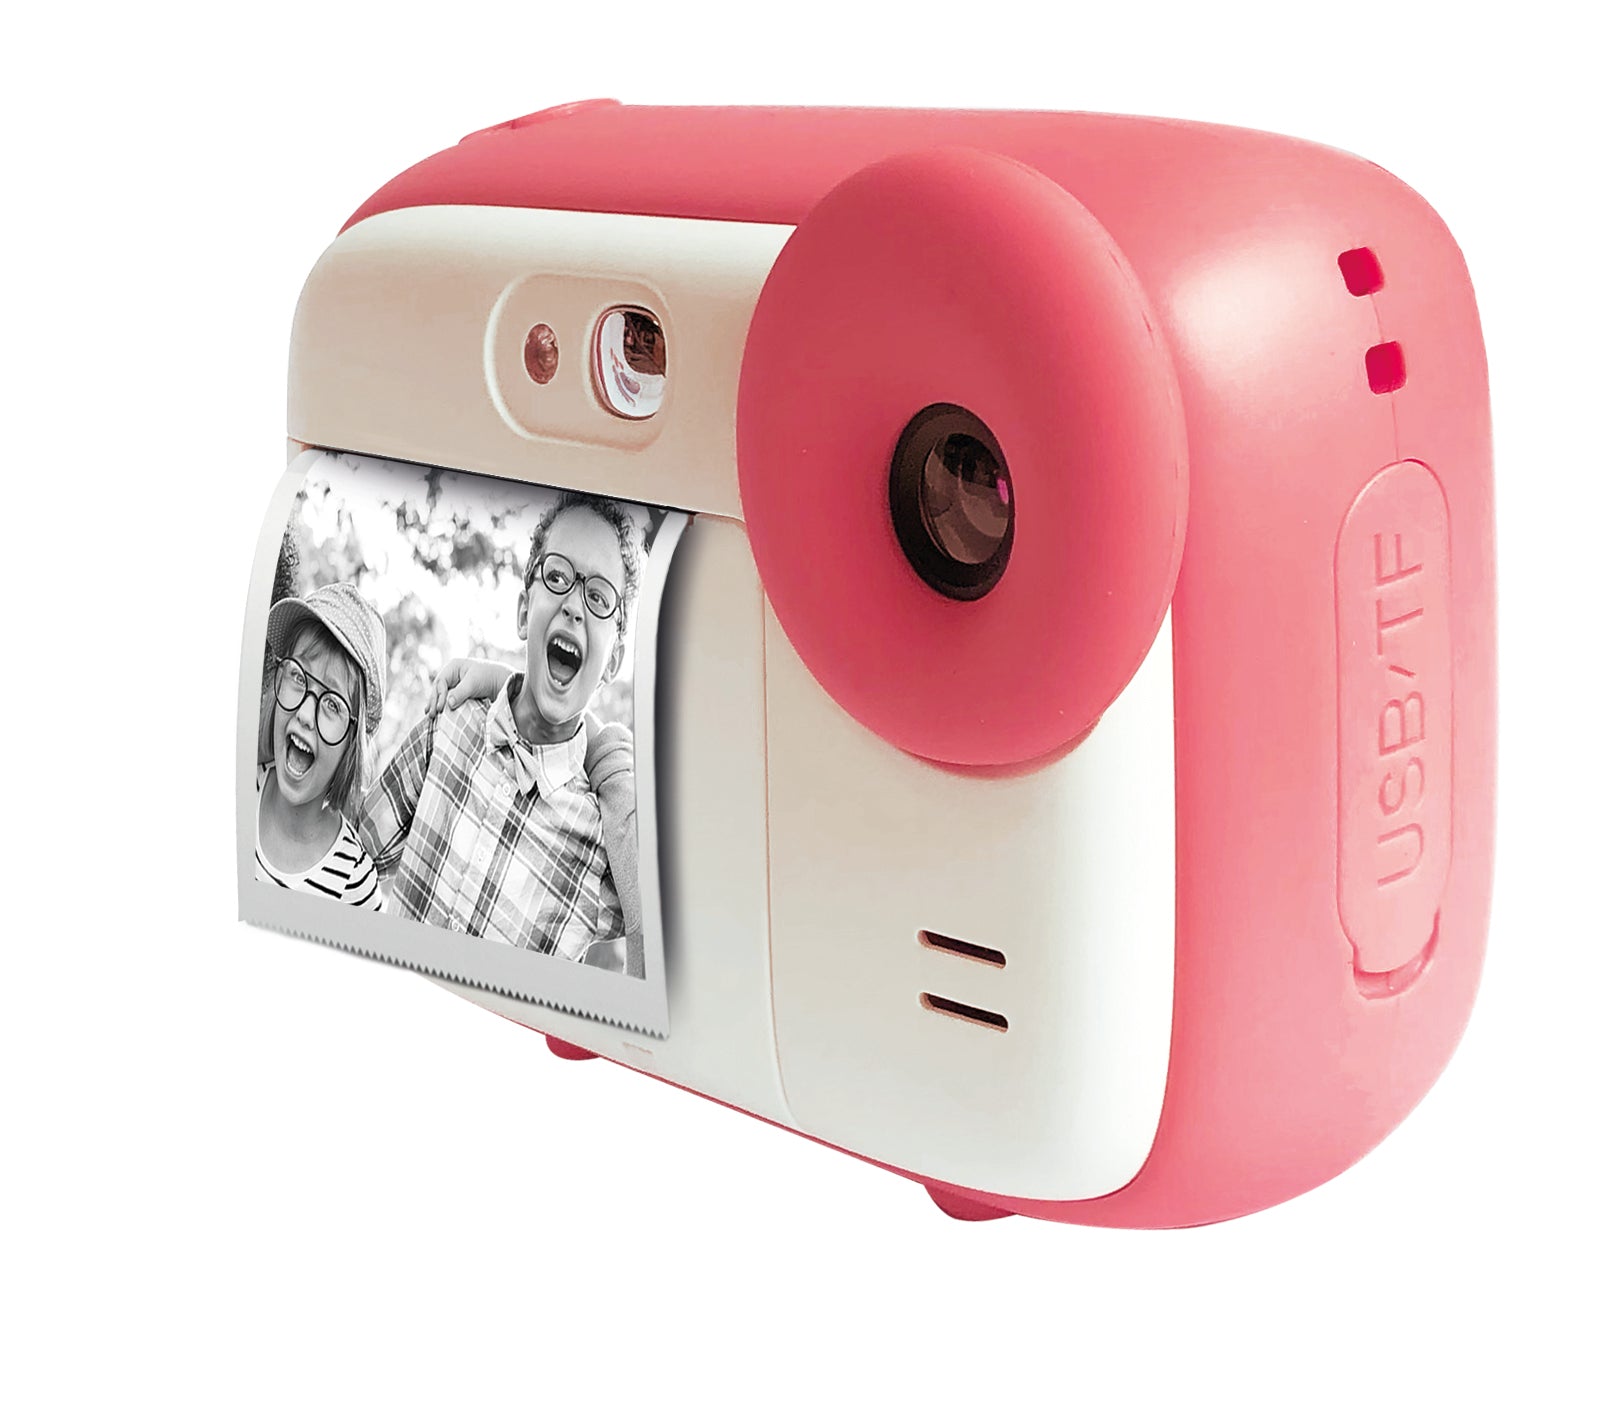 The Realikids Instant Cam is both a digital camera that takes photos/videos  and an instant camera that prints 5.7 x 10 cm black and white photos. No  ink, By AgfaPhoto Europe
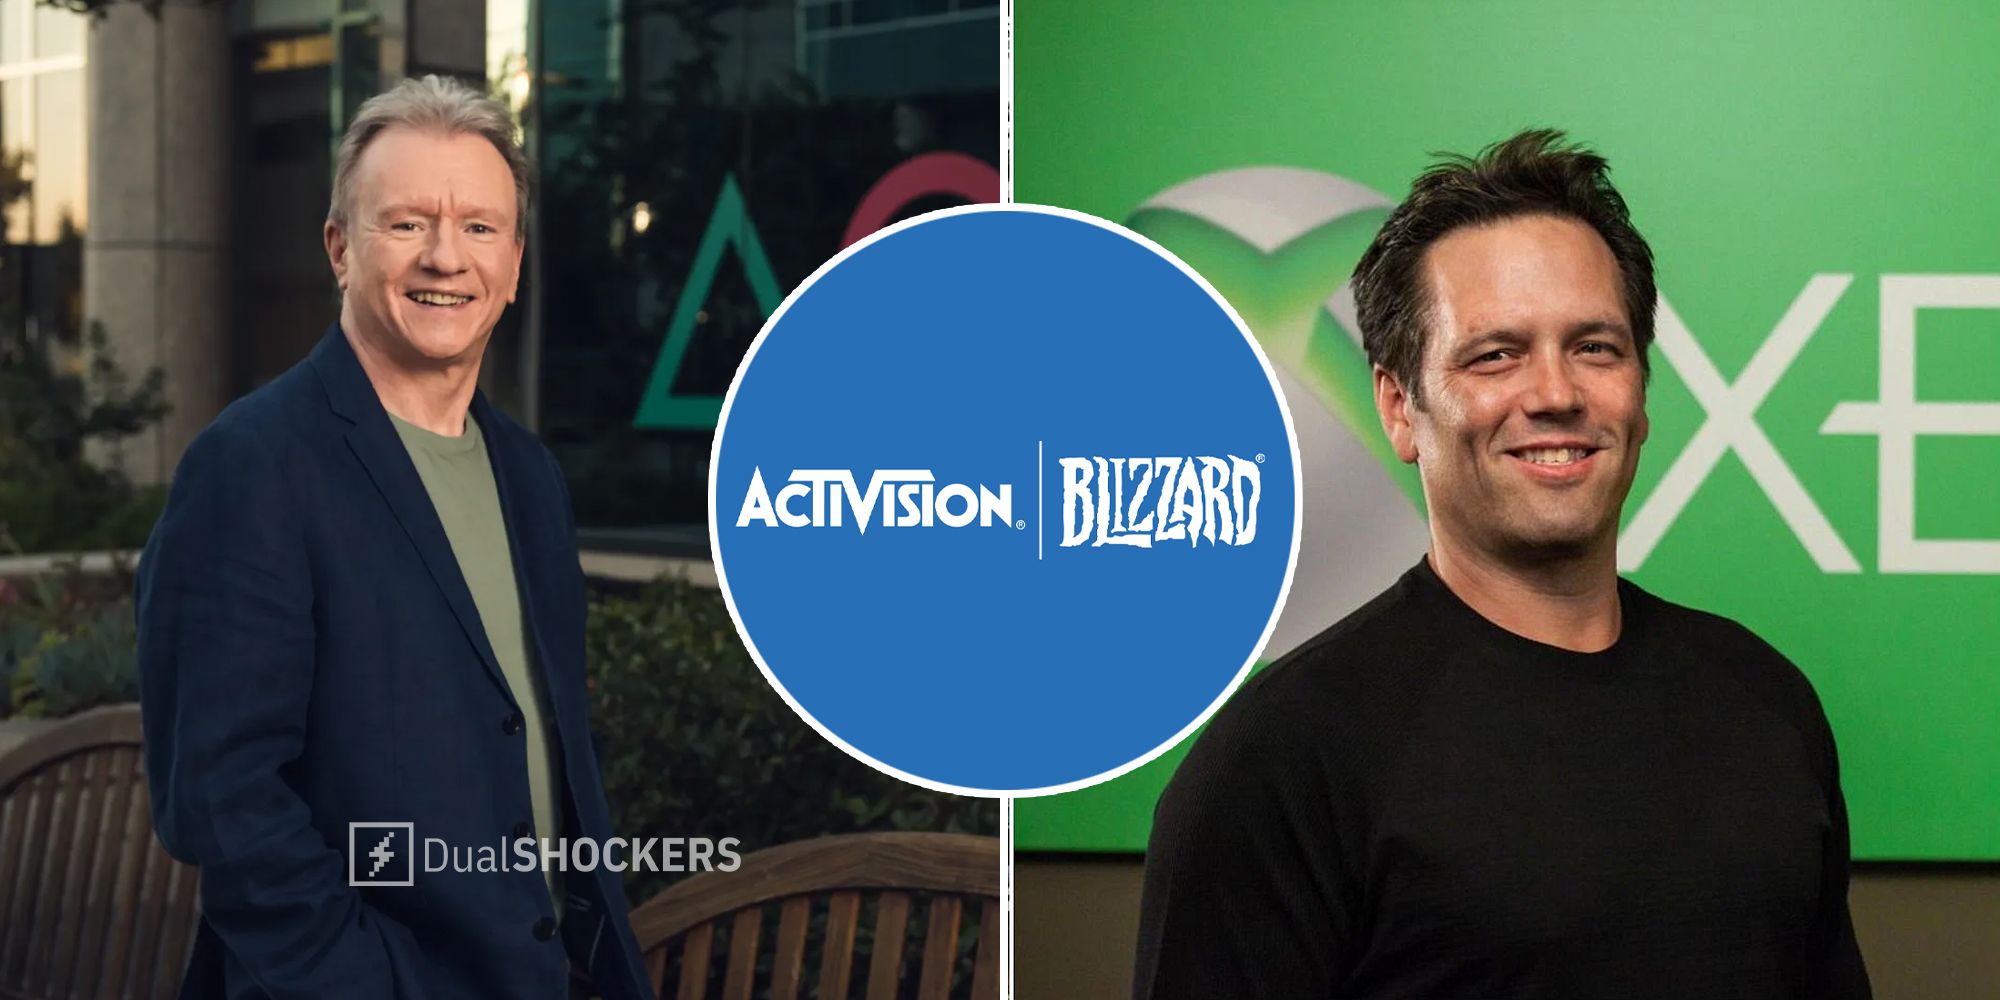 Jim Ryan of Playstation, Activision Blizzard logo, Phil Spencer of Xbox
---
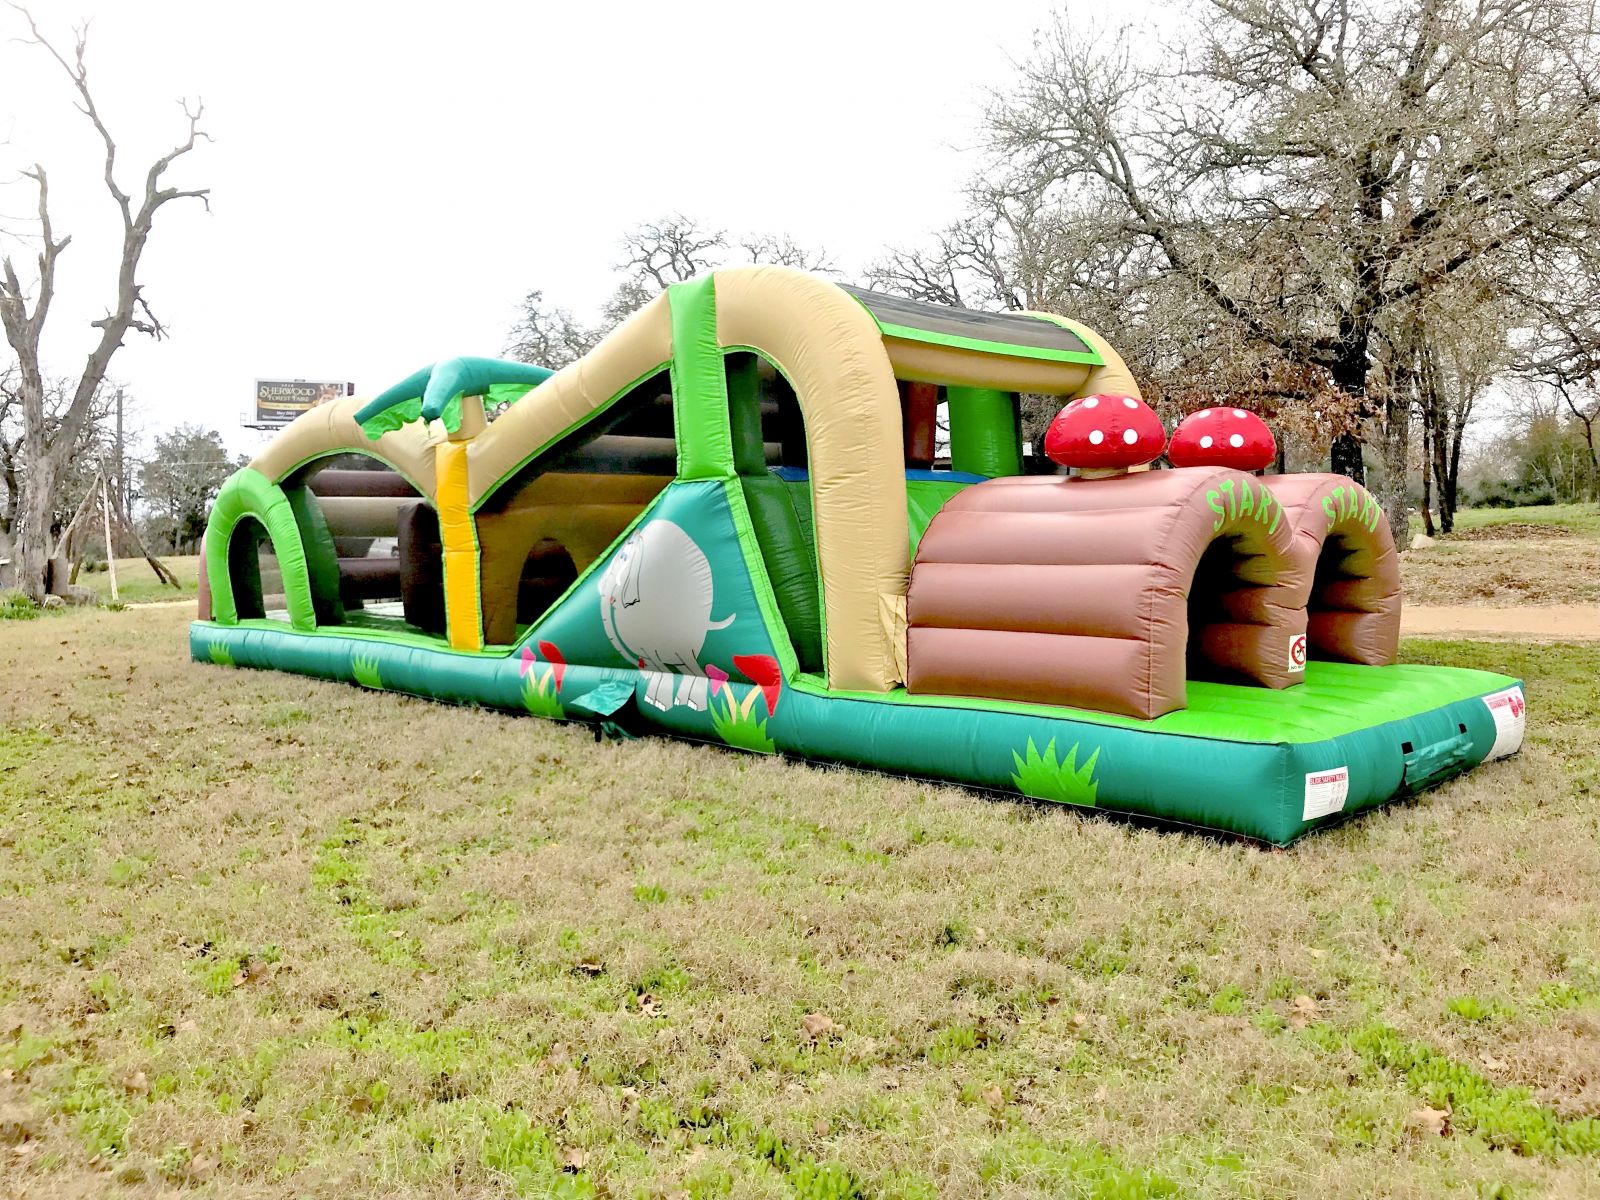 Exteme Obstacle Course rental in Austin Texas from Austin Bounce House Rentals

> **What you are asked to do**: Look above for the line with "The Realikids Instant" and the line with "Jim Ryan of". Output those two and everything between them exactly, pictures excluded.

> **Task output**:
 The Realikids Instant Cam is both a digital camera that takes photos/videos  and an instant camera that prints 5.7 x 10 cm black and white photos. No  ink, By AgfaPhoto Europe
 Jim Ryan of Playstation, Activision Blizzard logo, Phil Spencer of Xbox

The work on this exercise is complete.